Configure Content Delivery Heartbeats

For my Deployer Worker, the monitoring heartbeats are configured in the file deployer-config.xml by adding the following configuration node:

<Monitoring ServiceType="DeployerWorker" Interval="60s" GenerateHeartbeat="true"/>

At the moment of writing this, the documentation is a big buggy -- I noticed the settings above work, although they yield validation exceptions in the logs.

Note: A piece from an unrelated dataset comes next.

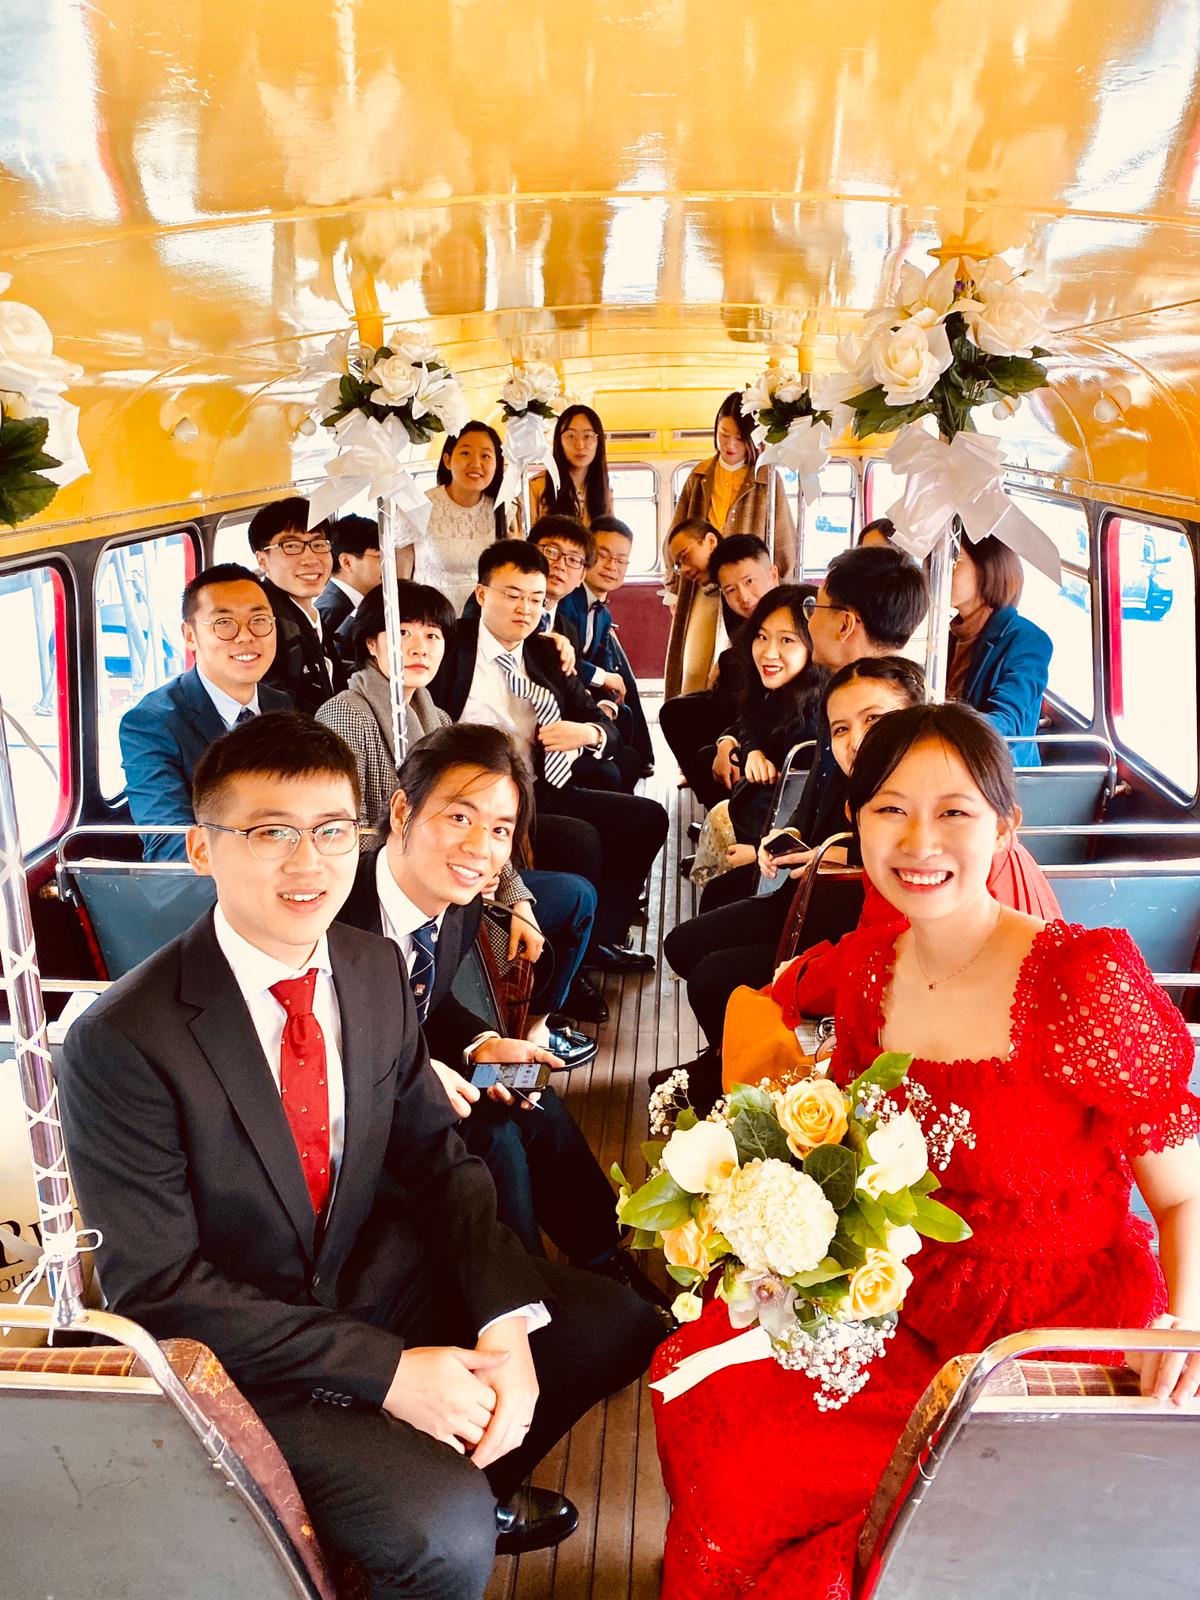 Wedding bus hire

Configure the Monitoring Agent

I'm using the Monitoring Agent to check the health status of the Deployer Endpoint. I'm using the following cd_monitor_conf.xml:

<?xml version="1.0" encoding="UTF-8"?>
<MonitoringAgentConfiguration Version="11.0"
         xmlns:xsi="http://www.w3.org/2001/XMLSchema-instance">

    <StartupPeriod StartupValue="60s"/>

    <HeartbeatMonitoring ListenerPort="20131" EnableRemoteHeartbeats="true">
        <AutomaticServiceRegistration RegistrationFile="RegisteredServices.xml"/>
        <Services/>
    </HeartbeatMonitoring>

    <ServiceHealthMonitorBindings>
        <ServiceHealthMonitorBinding Name="HttpServiceHealthMonitor"
            Class="com.tridion.monitor.polling.HTTPHealthMonitor"/>
    </ServiceHealthMonitorBindings>

    <ServiceHealthMonitors>
        <HttpServiceHealthMonitor ServiceType="DeployerEndpoint" PollInterval="60s" TimeoutInterval="30s">
            <Request URL="http://localhost:8084/mappings" RequestData=""/>
            <Response SuccessPattern="httpupload"/>
        </HttpServiceHealthMonitor>
    </ServiceHealthMonitors>

    <WebService ListenerPort="20132"/>
</MonitoringAgentConfiguration>

Notice that I am not using a Monitoring Agent Web Service, because it is not needed. Instead, I am using the netcat (nc) Unix command to retrieve the statuses from the Monitoring Agent:

echo "<StatusRequest/>" | nc localhost 20132

The Monitoring Agent has an in-built simple service that listens on server socket 20132 for incoming connections. If somebody sends the command <StatusRequest/> to this socket, the Monitoring Agent responds with an XML containing statuses for all components it monitors:

<StatusResponse>
  <ServiceStatus>
    <ServiceType>DeployerEndpoint</ServiceType>
    <ServiceInstance></ServiceInstance>
    <ProcessId>-1</ProcessId>
    <Status>OK</Status>
    <StatusChangeTime>2018-12-22T15:51:07Z</StatusChangeTime>
    <LastReportTime>2018-12-22T15:50:07Z</LastReportTime>
    <MonitoredThreadCount>-1</MonitoredThreadCount>
  </ServiceStatus>
  <ServiceStatus>
    <ServiceType>DeployerWorker</ServiceType>
    <ServiceInstance>dummy</ServiceInstance>
    <ProcessId>7152</ProcessId>
    <Status>OK</Status>
    <StatusChangeTime>2018-12-22T15:50:10Z</StatusChangeTime>
    <LastReportTime>2018-12-22T17:21:14Z</LastReportTime>
    <MonitoredThreadCount>3</MonitoredThreadCount>
    <NonRespondingThreads></NonRespondingThreads>
  </ServiceStatus>
</StatusResponse>

The information in this XML is precisely what we want as custom metrics in AWS CloudWatch.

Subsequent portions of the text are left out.